Exercise prompt =>
Once you find the line with "DESK-GmbH-0030" in the listing below, please repeat it and every later line exactly, through the last one, without pictures.

-- Dataset excerpt follows --

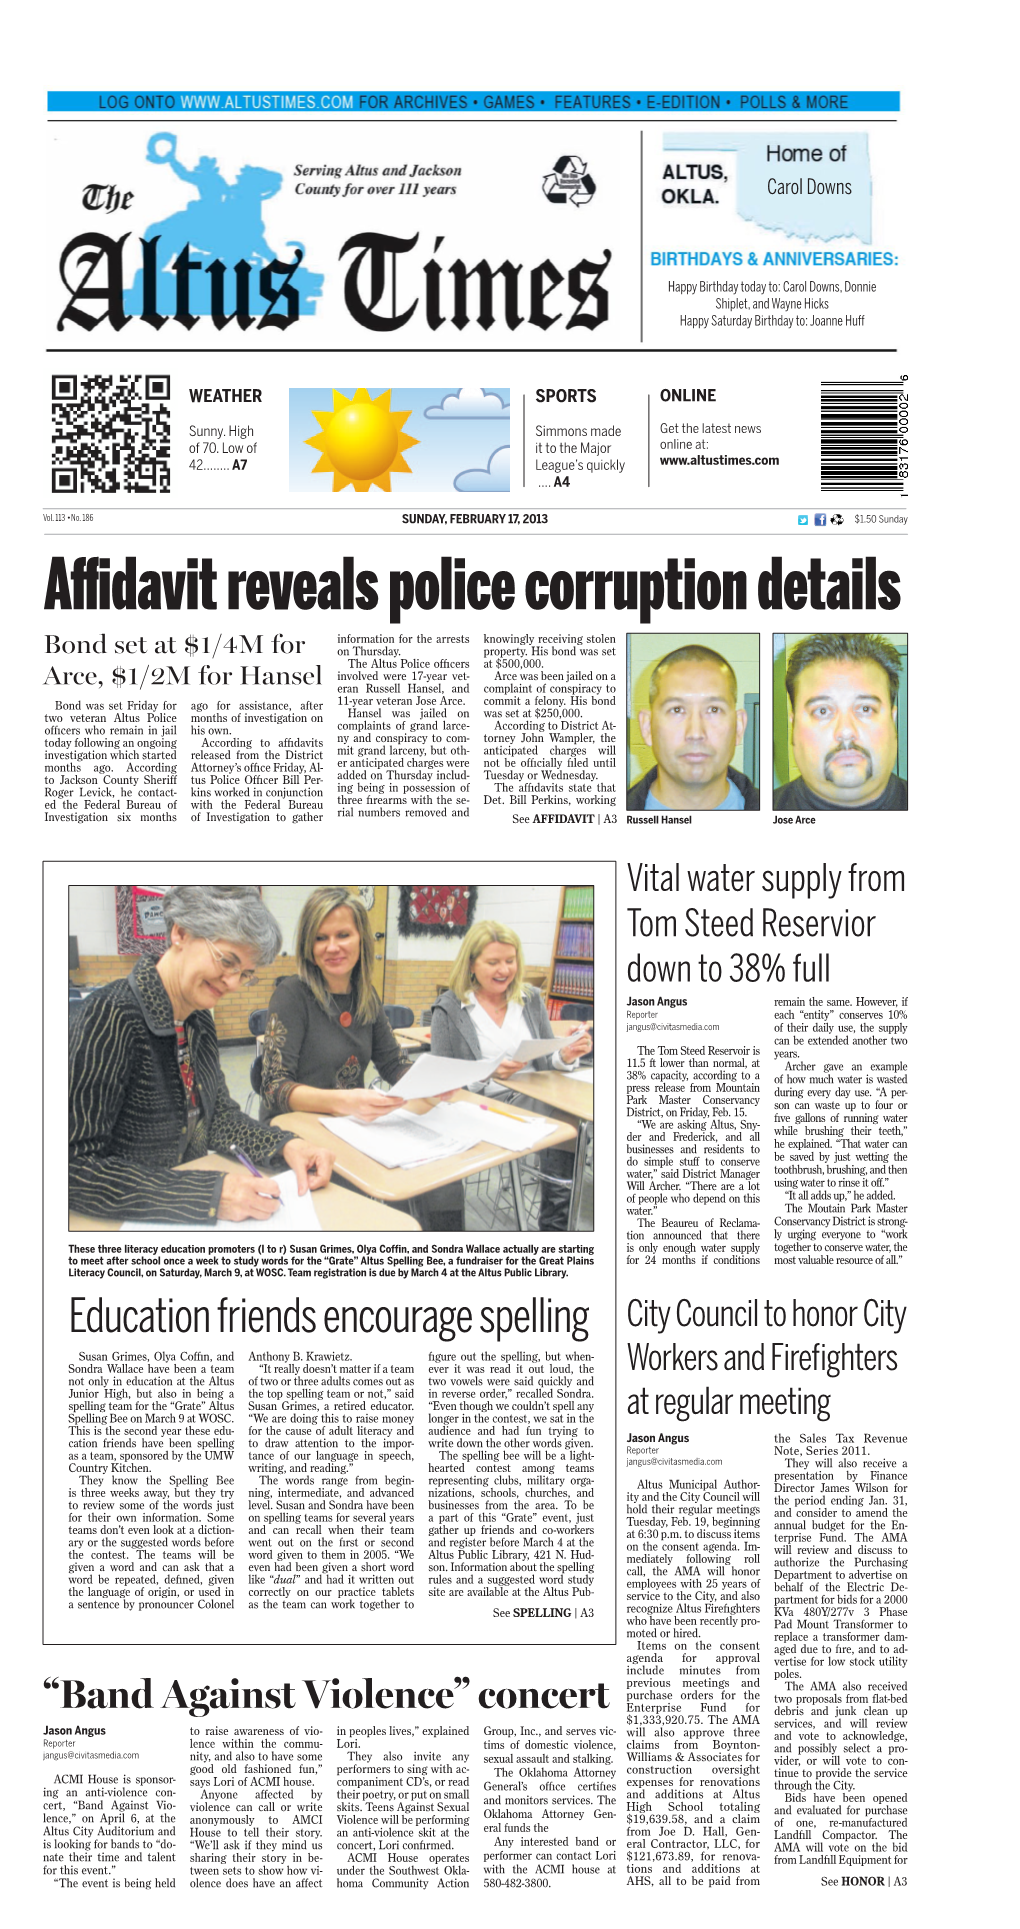 Affidavit Reveals Police Corruption Details Information for the Arrests Knowingly Receiving Stolen Bond Set at $1/4M for on Thursday
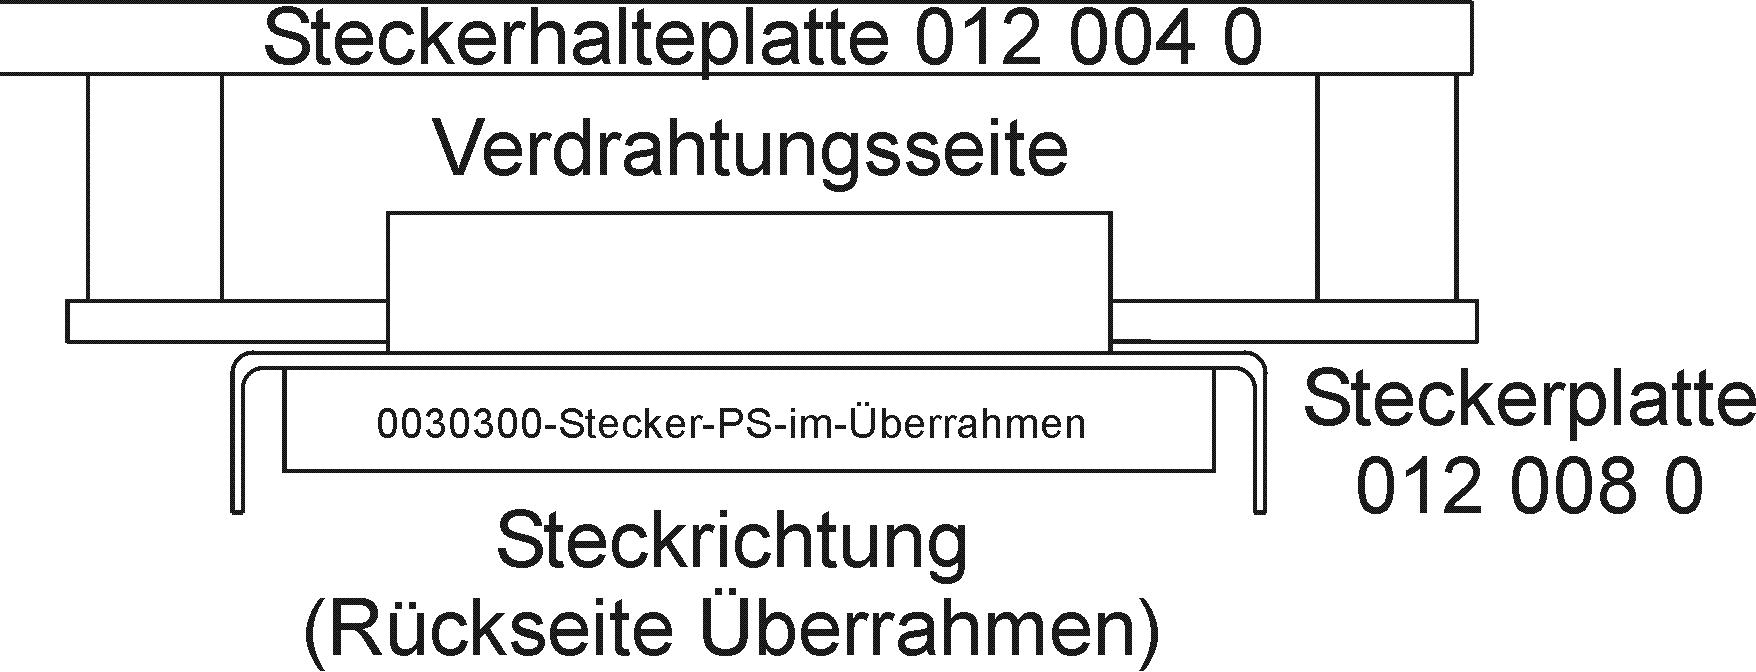 DESK-GmbH-0030300-Stecker-PS-im-Überrahmen
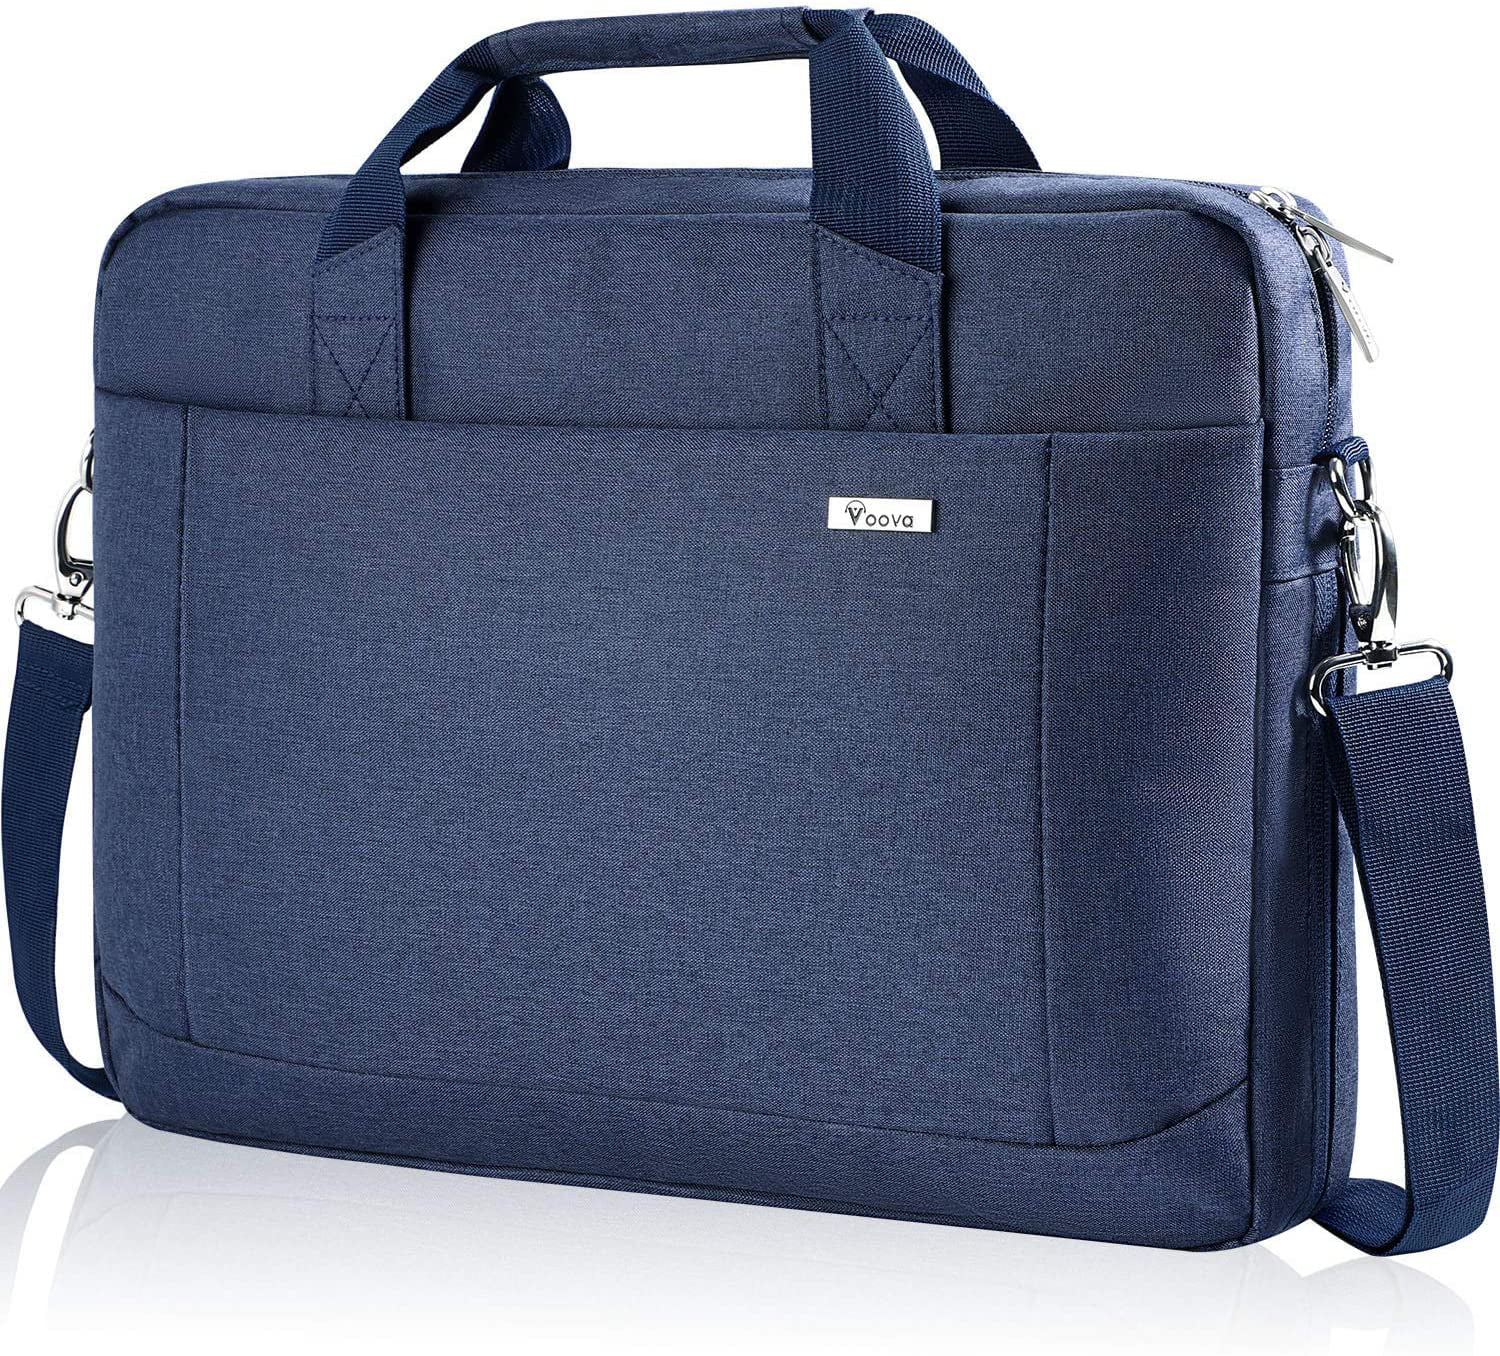 Lightweight 15 inch Laptop Bag Business Messenger Briefcases Pink Rose Waterproof Computer Tablet Shoulder Bag Carrying Case Handbag for Men and Women

-- Dataset excerpt concluded --

Response box =>
 DESK-GmbH-0030300-Stecker-PS-im-Überrahmen
 Lightweight 15 inch Laptop Bag Business Messenger Briefcases Pink Rose Waterproof Computer Tablet Shoulder Bag Carrying Case Handbag for Men and Women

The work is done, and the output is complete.